If pictures are present, leave them out, and copy the data word for word.

↓

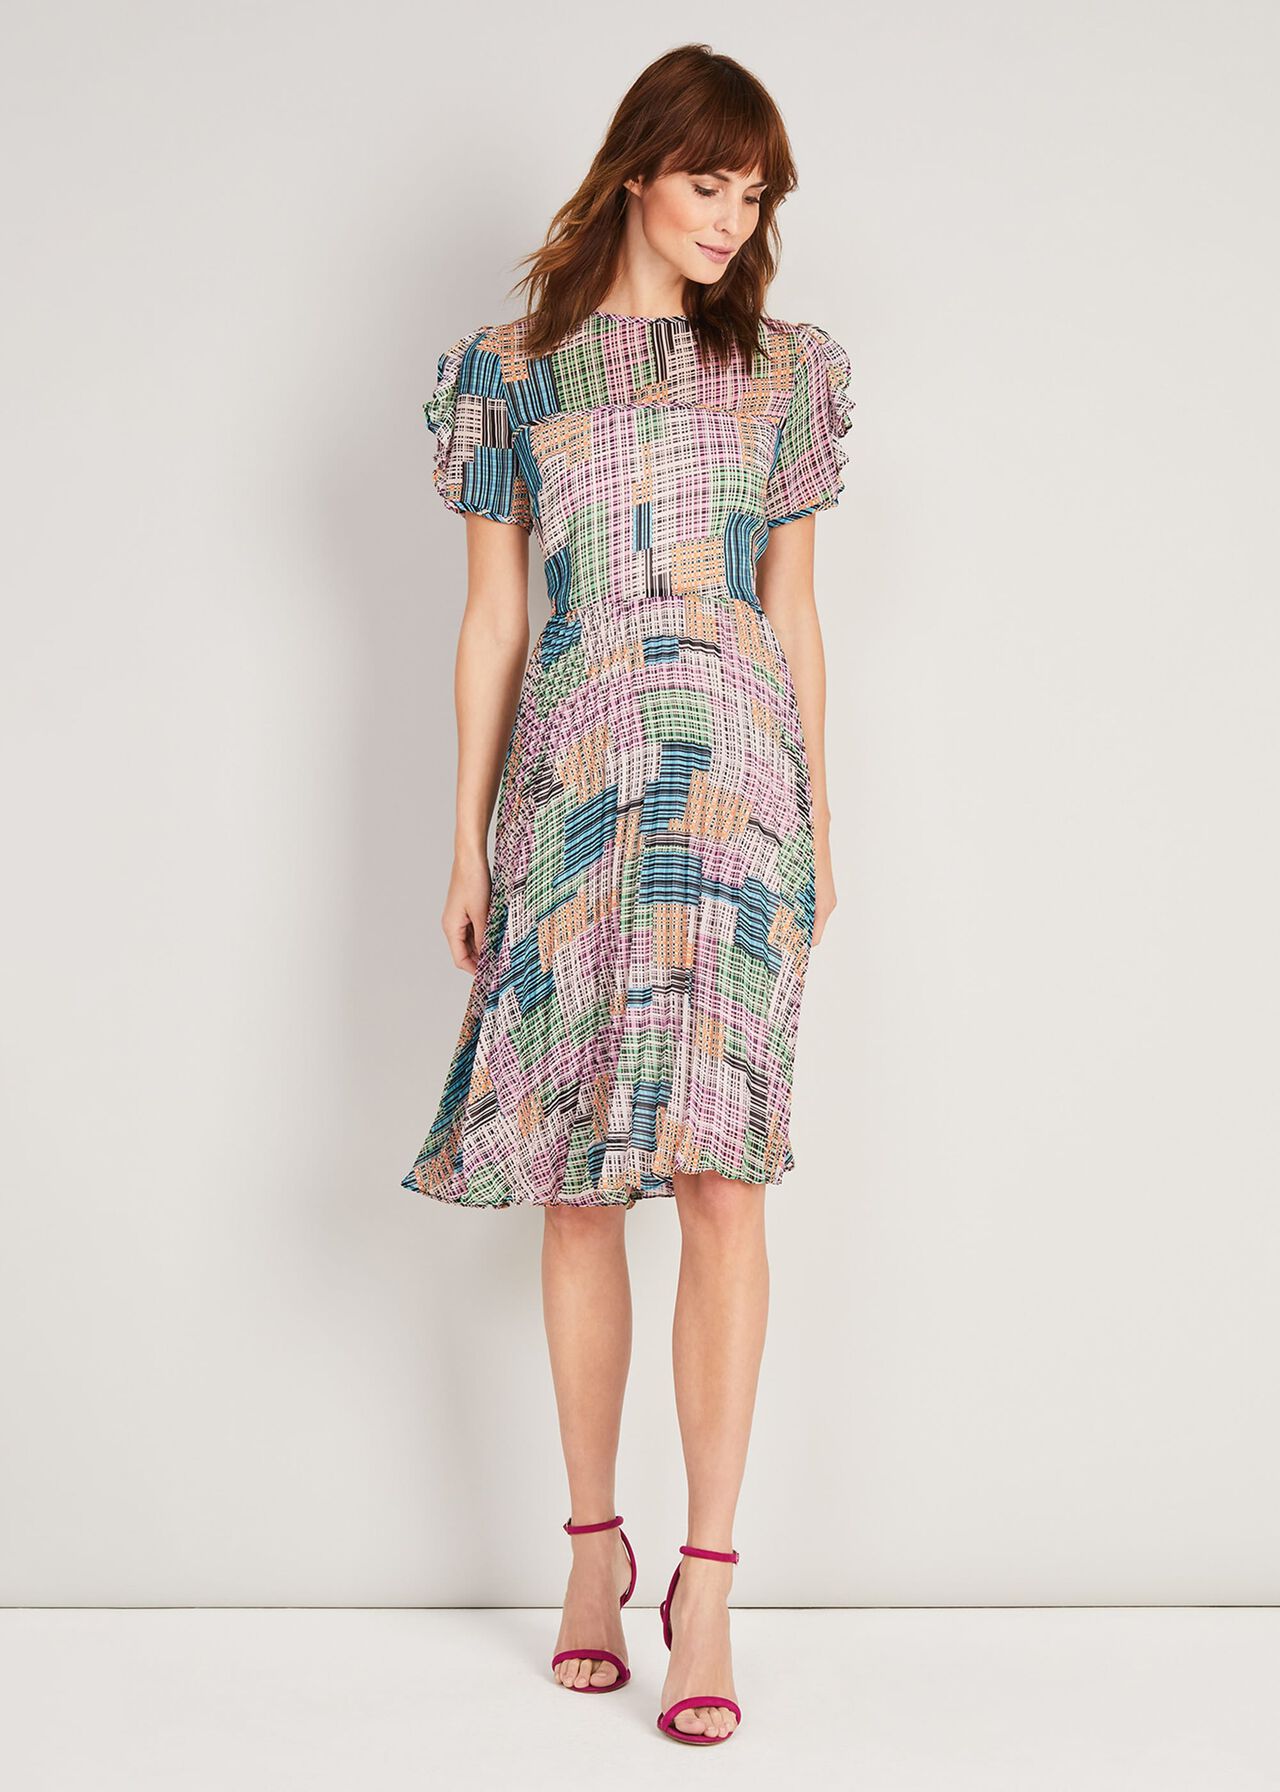 Anatasia Woven Print Dress
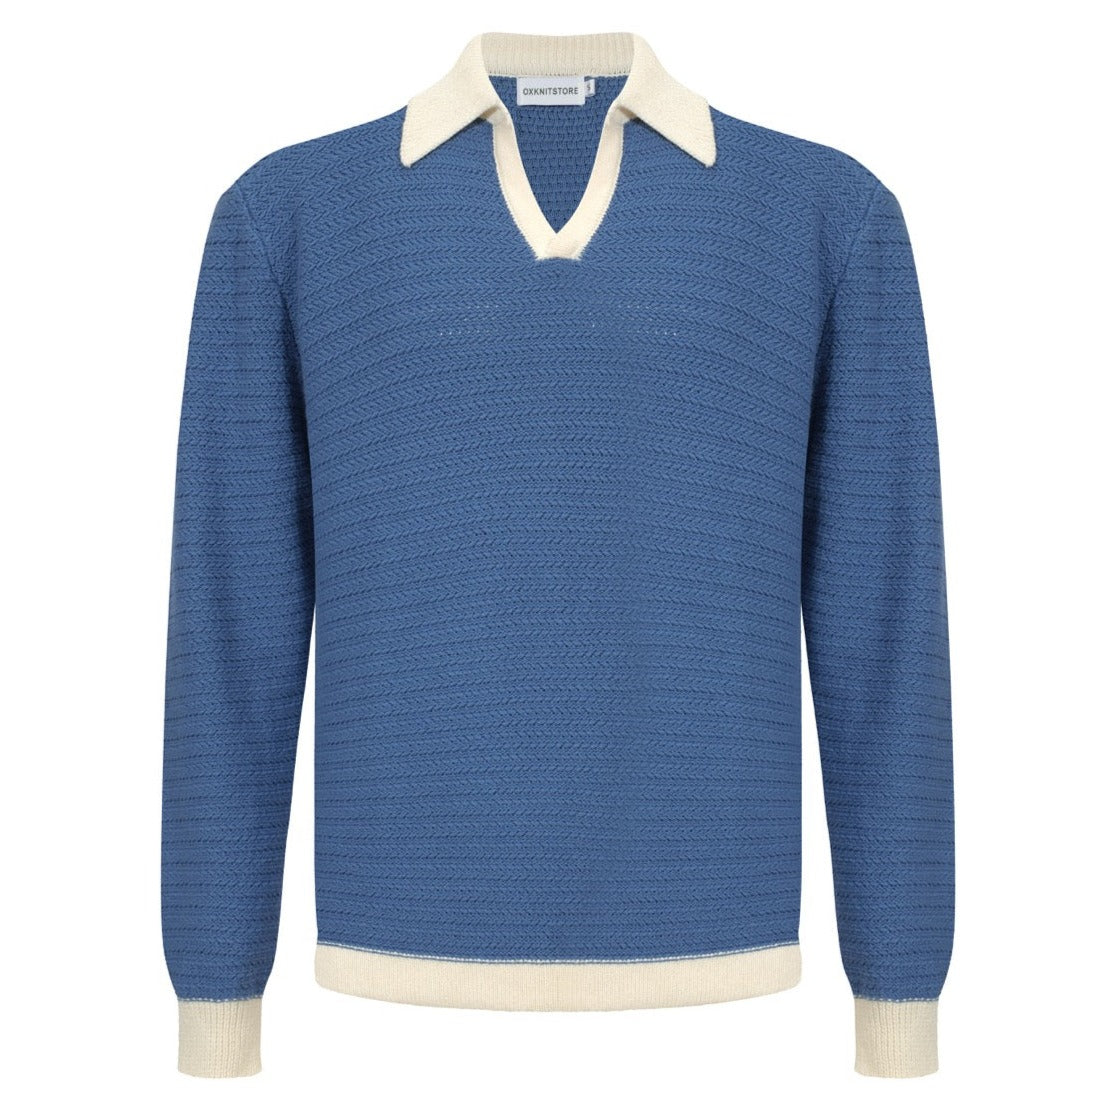 Men's Light Blue Knitted Long Sleeves Polo
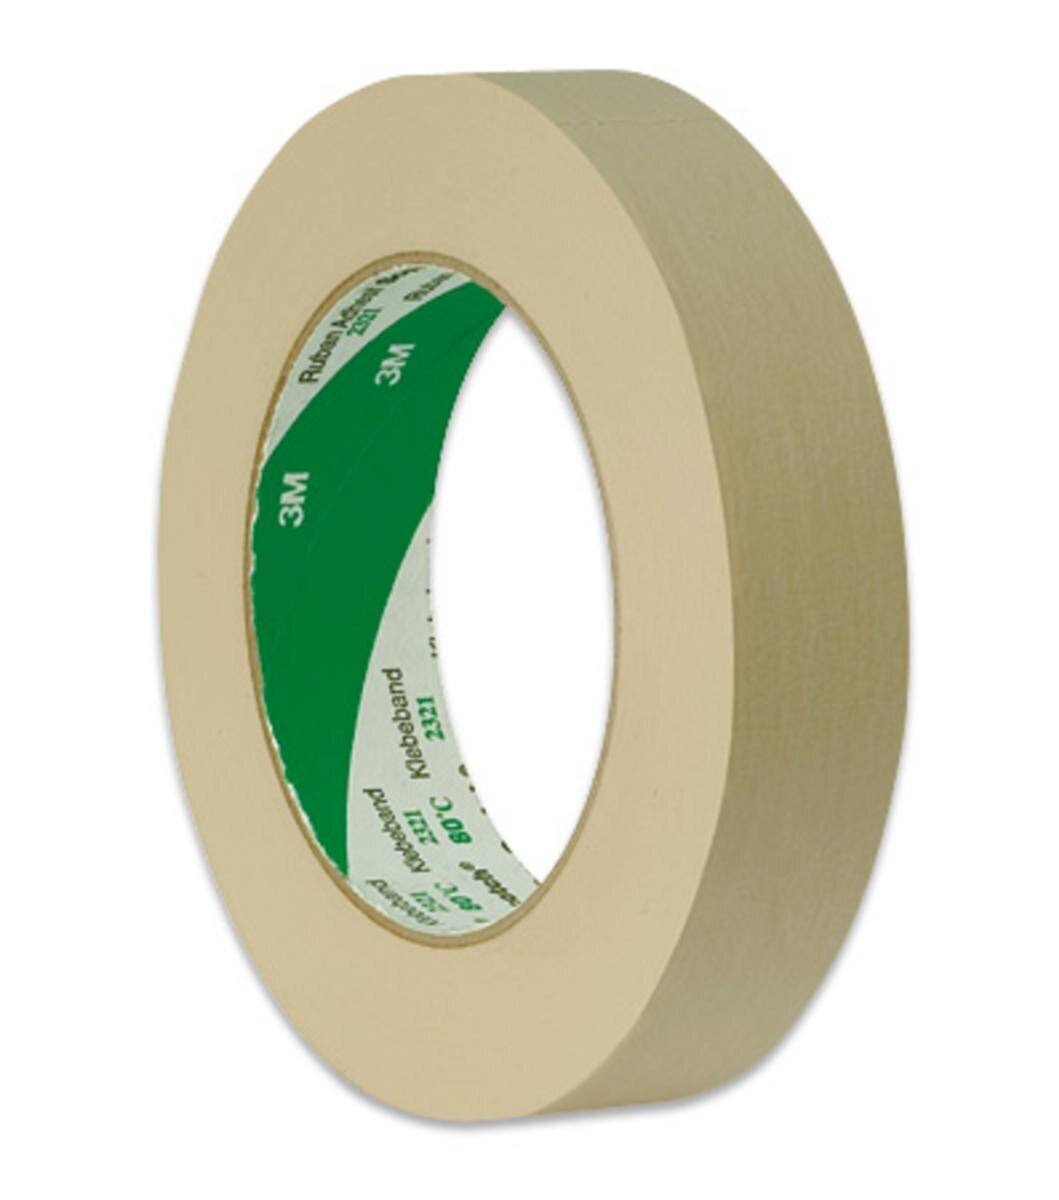 3M Scotch crepe tape 2321, natural colors, 18 mm x 50 m, 0.135 mm
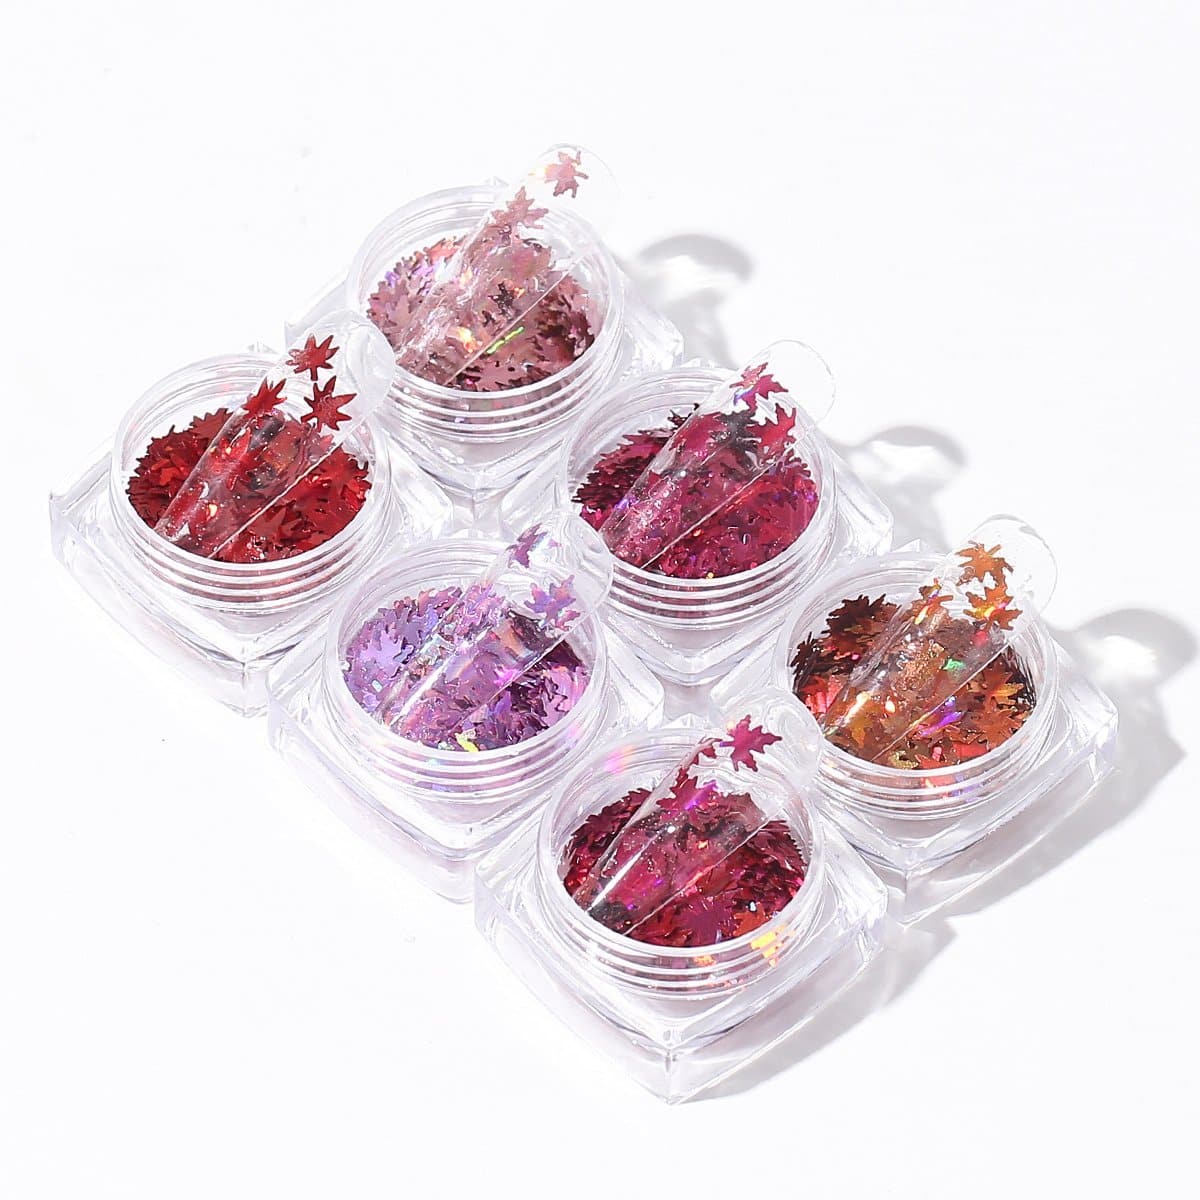 Maple Sequins- Nail Art Glitter Kit - MODELONES.com
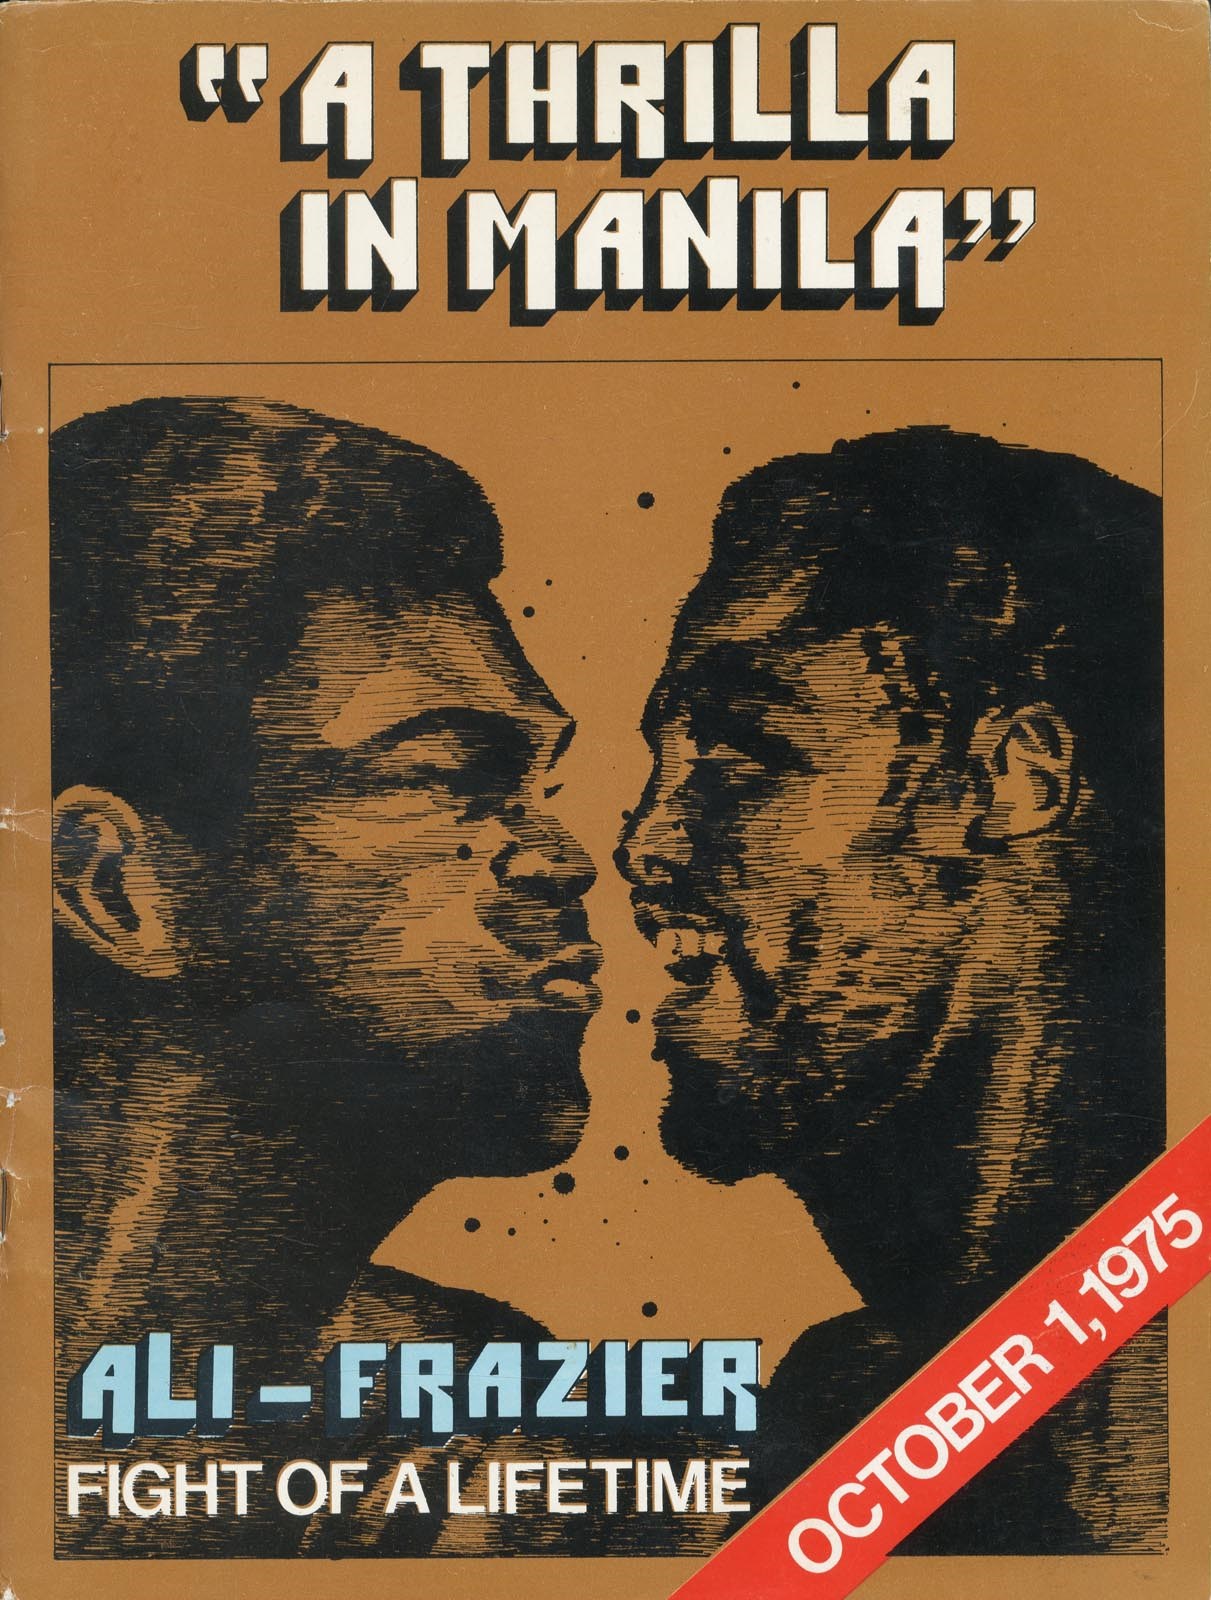 1975 Ali vs. Frazier III "Thrilla in Manila" On-Site Program

↑

◆ Output for this exercise
 Anatasia Woven Print Dress
 Men's Light Blue Knitted Long Sleeves Polo
 3M Scotch crepe tape 2321, natural colors, 18 mm x 50 m, 0.135 mm
 Maple Sequins- Nail Art Glitter Kit - MODELONES.com
 1975 Ali vs. Frazier III "Thrilla in Manila" On-Site Program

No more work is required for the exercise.